CPT Test code: 82533
|Minimum Volume:||0.3 mL (Note: This volume does not allow for repeat testing.)|
|Container:||Red-top tube or gel-barrier tube|
|Collection:||If a red-top tube is used, transfer separated serum to a plastic transport tube. Blood should be drawn at 8 AM and 4 PM to evaluate baseline diurnal variation (see Cortisol, AM & PM ). Morning specimen is often ordered with ACTH level.|
|Causes for Rejection:||Citrate plasma specimen; improper labeling|
|Reference Interval:||• 2.3-19.4 μg/dL
• AM: 6.2-19.4 μg/dL; PM: 2.3-11.9 μg/dL
|Use:||Establish the diagnosis of adrenocortical insufficiency, Addison’s disease, adrenocortical hypersecretion, Cushing’s syndrome. Malfunction of the organs in the hypothalamic-pituitary-adrenal cortex axis will result in alteration of the cortisol levels.|
|Limitations:||Pregnancy, contraceptives, and estrogen therapy give rise to elevated cortisol concentrations.1 In samples from patients who have been treated with prednisolone, methylprednisolone, or prednisone, falsely elevated concentrations of cortisol may be determined.1 During metyrapone tests, 11-deoxycortisol levels are elevated.1 Falsely-elevated cortisol values may be determined due to cross reactions. Patients suffering from 21-hydroxylase-deficiency exhibit elevated 21-deoxycortisol levels and this can also give rise to elevated cortisol levels.1
The time of sample collection must be taken into account when interpreting results due to the cortisol secretion circadian rhythm. Severe stress can also give rise to elevated cortisol levels.1
In patients receiving therapy with high biotin doses (ie, >5 mg/day), no sample should be taken until at least eight hours after the last biotin administration.1 As with all tests containing monoclonal mouse antibodies, erroneous findings may be obtained from samples taken from patients who have been treated with monoclonal mouse antibodies or who have received them for diagnostic purposes.1 In rare cases, interference due to extremely high titers of antibodies to streptavidin and ruthenium can occur.1 The test contains additives, which minimize these effects.

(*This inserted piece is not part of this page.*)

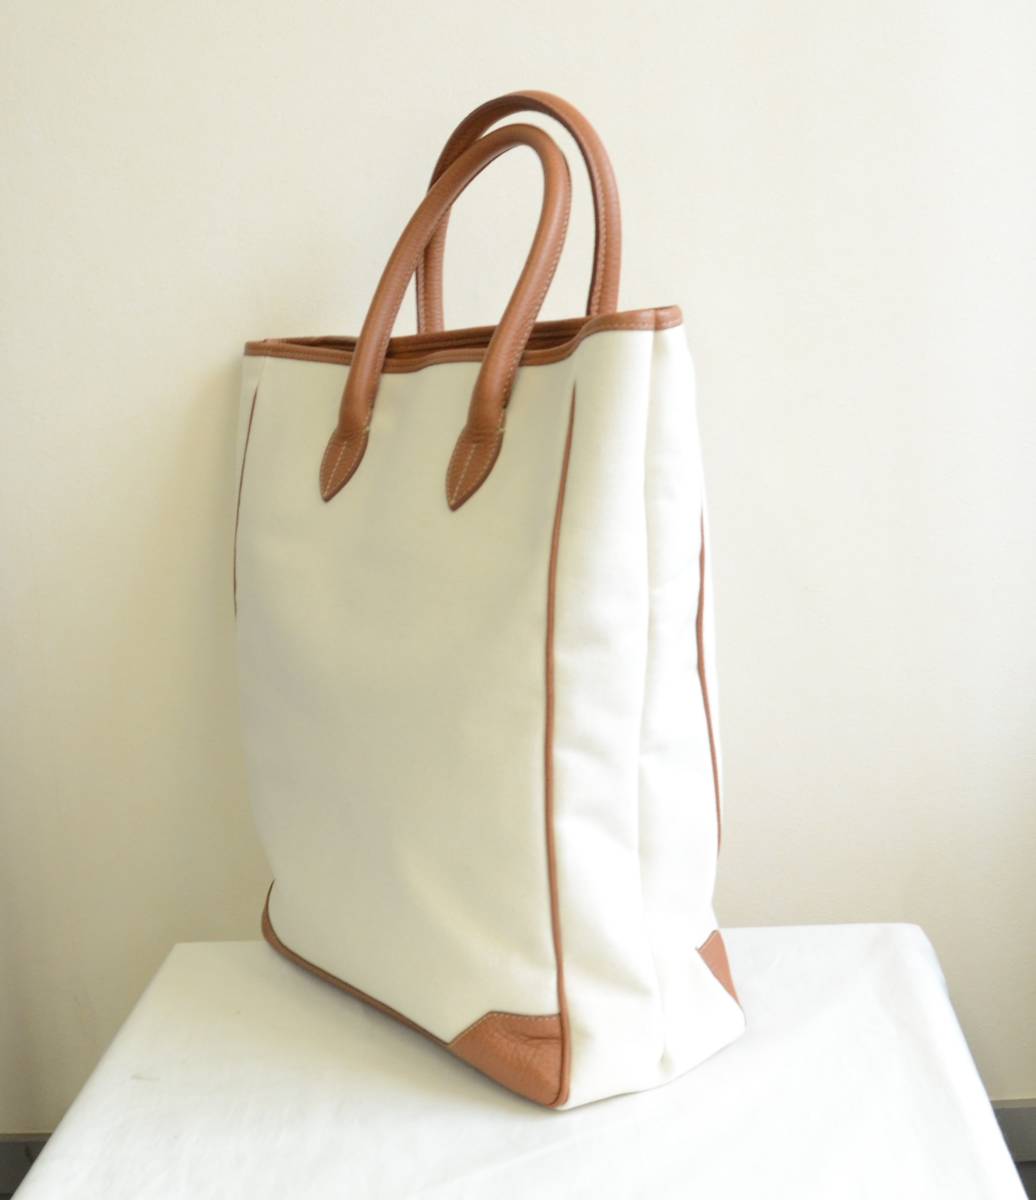  beautiful goods ACATE leather use tote bag largish size 
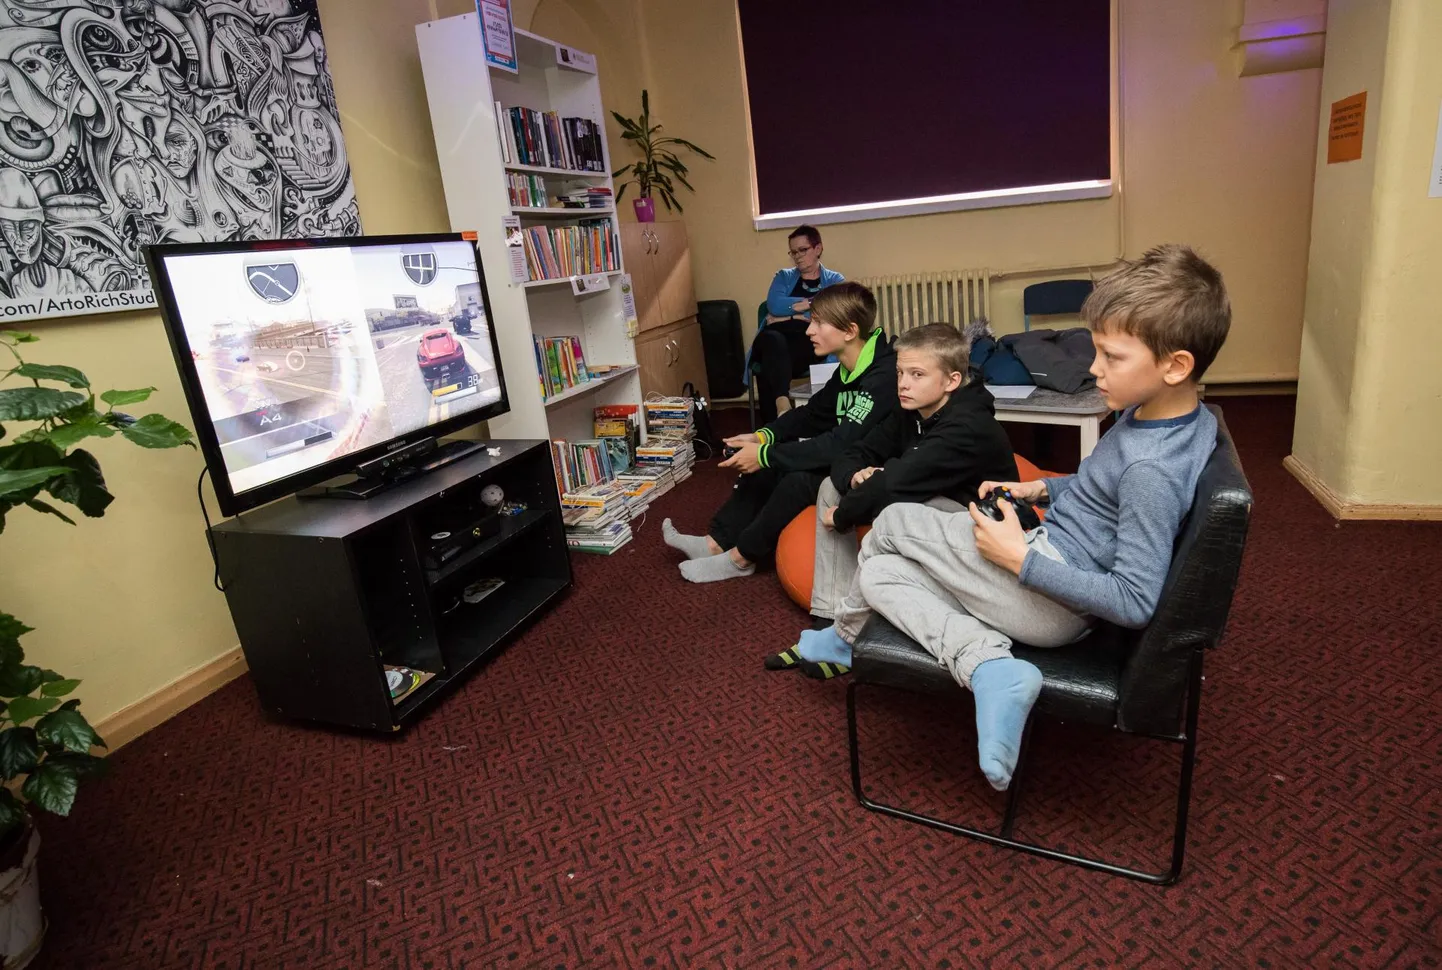 Noored videomängurid Rakvere avatud noortekeskuses.

The determination of cortisol in 24-hour urine is the method of choice for the detection of Cushing syndrome since cortisol excretion in urine is not subject to the diurnal rhythm of cortisol secretion.2
|Additional Information:||Cortisol (hydrocortisone) is the most prominent glucocorticosteroid, and it is essential for the maintenance of several body functions. Like other glucocorticosteroids, cortisol is synthesized from the common precursor cholesterol in the zona fasciculata of the cortex of the adrenal gland. For the transport of cortisol in blood, about 90% of cortisol is bound to corticosteroid-binding globulin (CBG) and to albumin. Only a small amount of cortisol circulates unbound in blood and is free to interact with its receptors.3
The most important physiological effects of cortisol are the increase of blood glucose levels (enhancement of gluconeogenesis, catabolic action) and its anti-inflammatory and immunosuppressive action.3
Synthesis and secretion of cortisol by the adrenal gland are controlled by a negative feedback mechanism within the hypothalamus-pituitary-adrenal cortex-axis. If the cortisol level is low, corticotropin-releasing hormone (CRH) is secreted by the hypothalamus, which causes the pituitary to release adrenocorticotropic hormone (ACTH). This stimulates the synthesis and secretion of cortisol by the adrenal gland. Cortisol itself acts in a negative feedback mechanism on the pituitary gland and the hypothalamus. In addition, stress is followed by increased cortisol secretion.3
Serum cortisol concentrations normally show a diurnal variation.3 Maximum concentrations are usually reached early in the morning and then concentrations decline throughout the day to an evening level that is about half of the morning concentration; therefore, for interpretation of results, it is important to know the collection time of the serum sample.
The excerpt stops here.